──────── Provided material

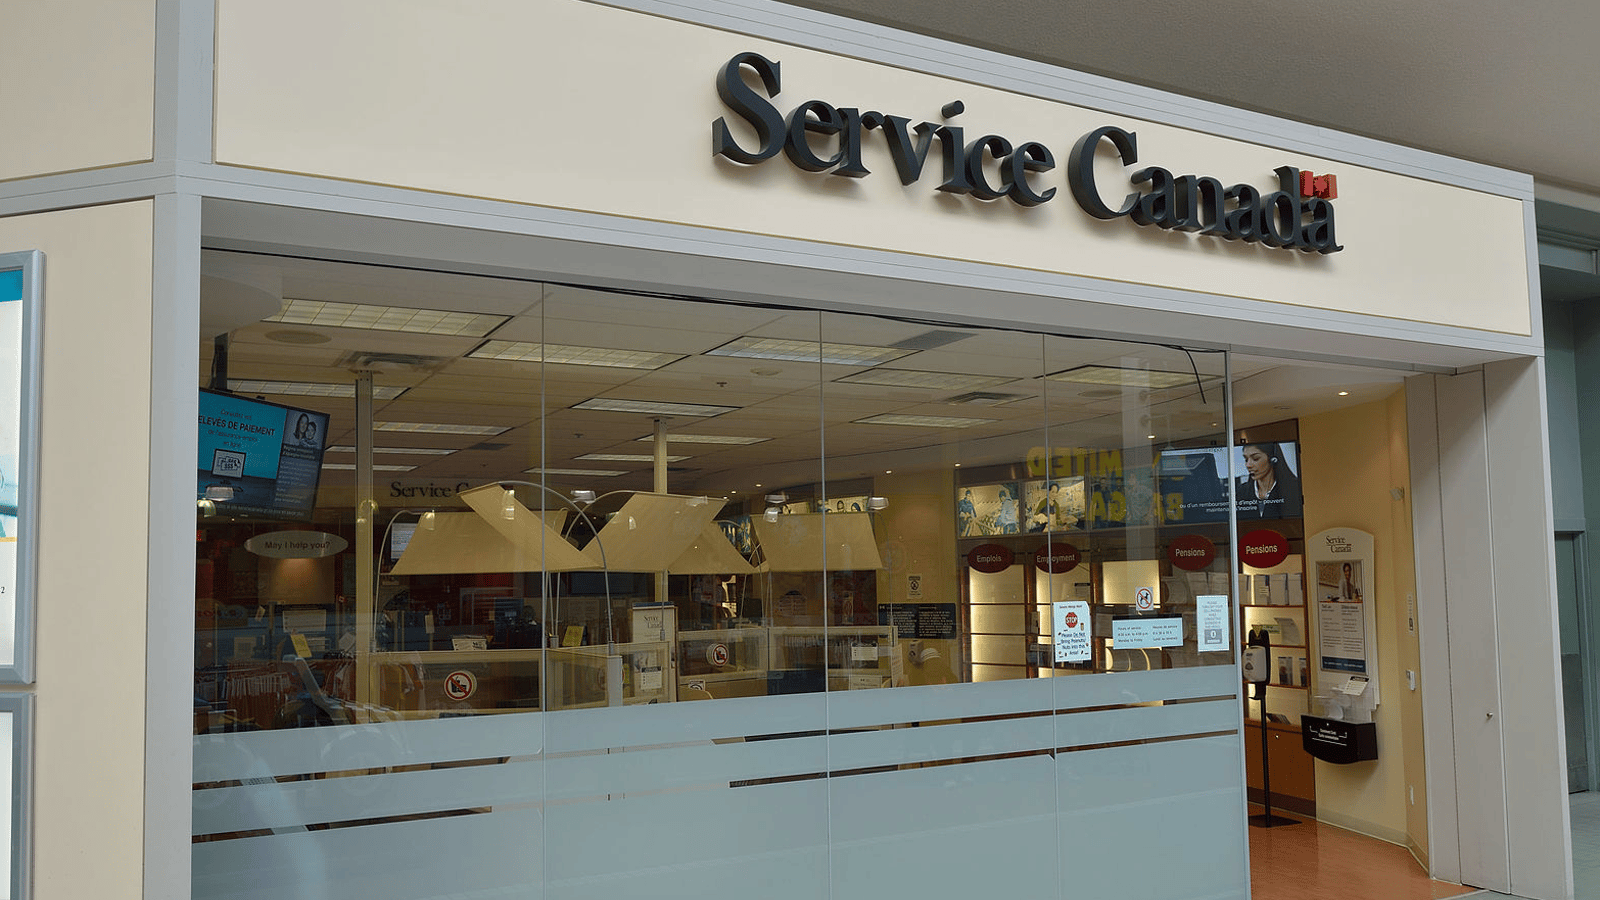 Service Canada offre des postes payant jusqu'à 65 000 $ par année sans études supérieures
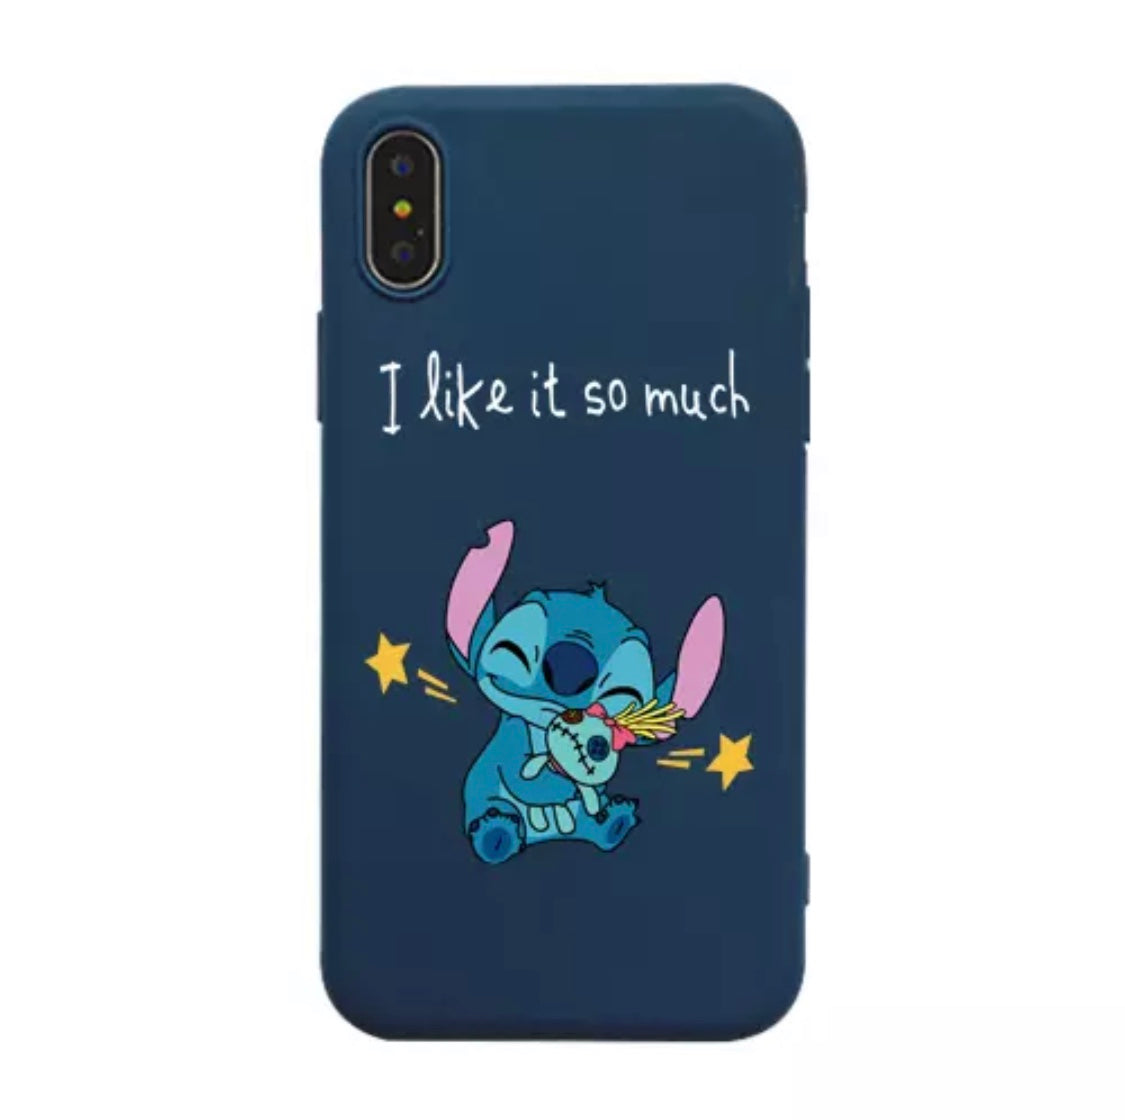 DDLGVERSE Stitch Slogan iPhone Case Blue
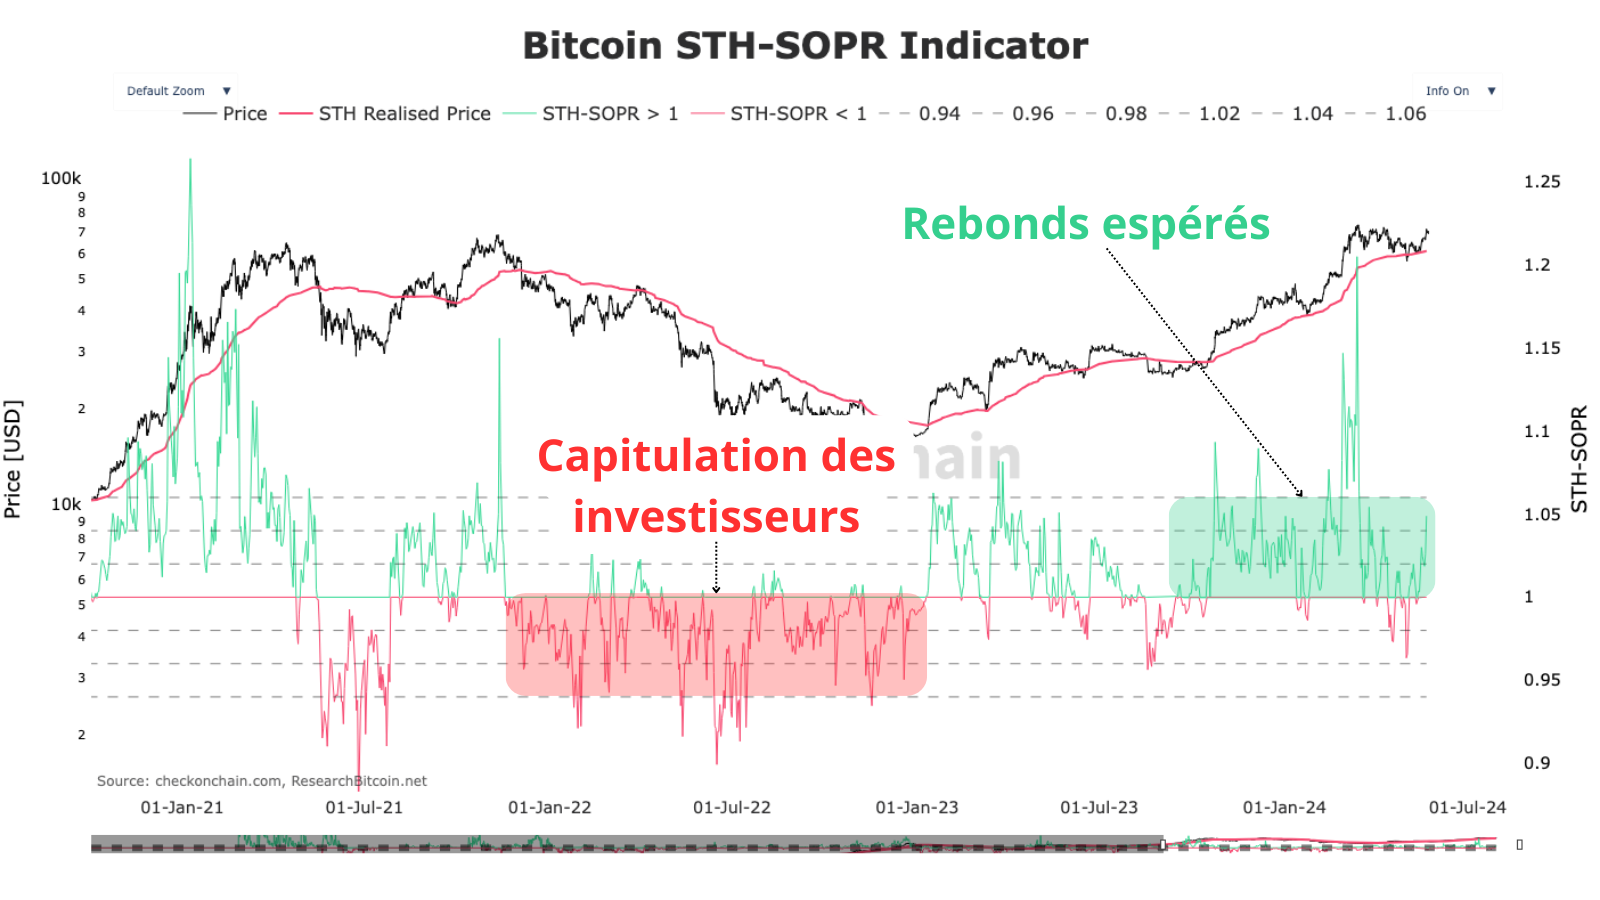 Le cycle se déroule comme prévu, les investisseurs restent confiants, à chaque correction un rebond est confirmé par le SOPR

────────────────

Exercise prompt: Nothing but the text is wanted: repeat the data above exactly, without its images.

Result of this task:
 Service Canada offre des postes payant jusqu'à 65 000 $ par année sans études supérieures
 DDLGVERSE Stitch Slogan iPhone Case Blue
 Le cycle se déroule comme prévu, les investisseurs restent confiants, à chaque correction un rebond est confirmé par le SOPR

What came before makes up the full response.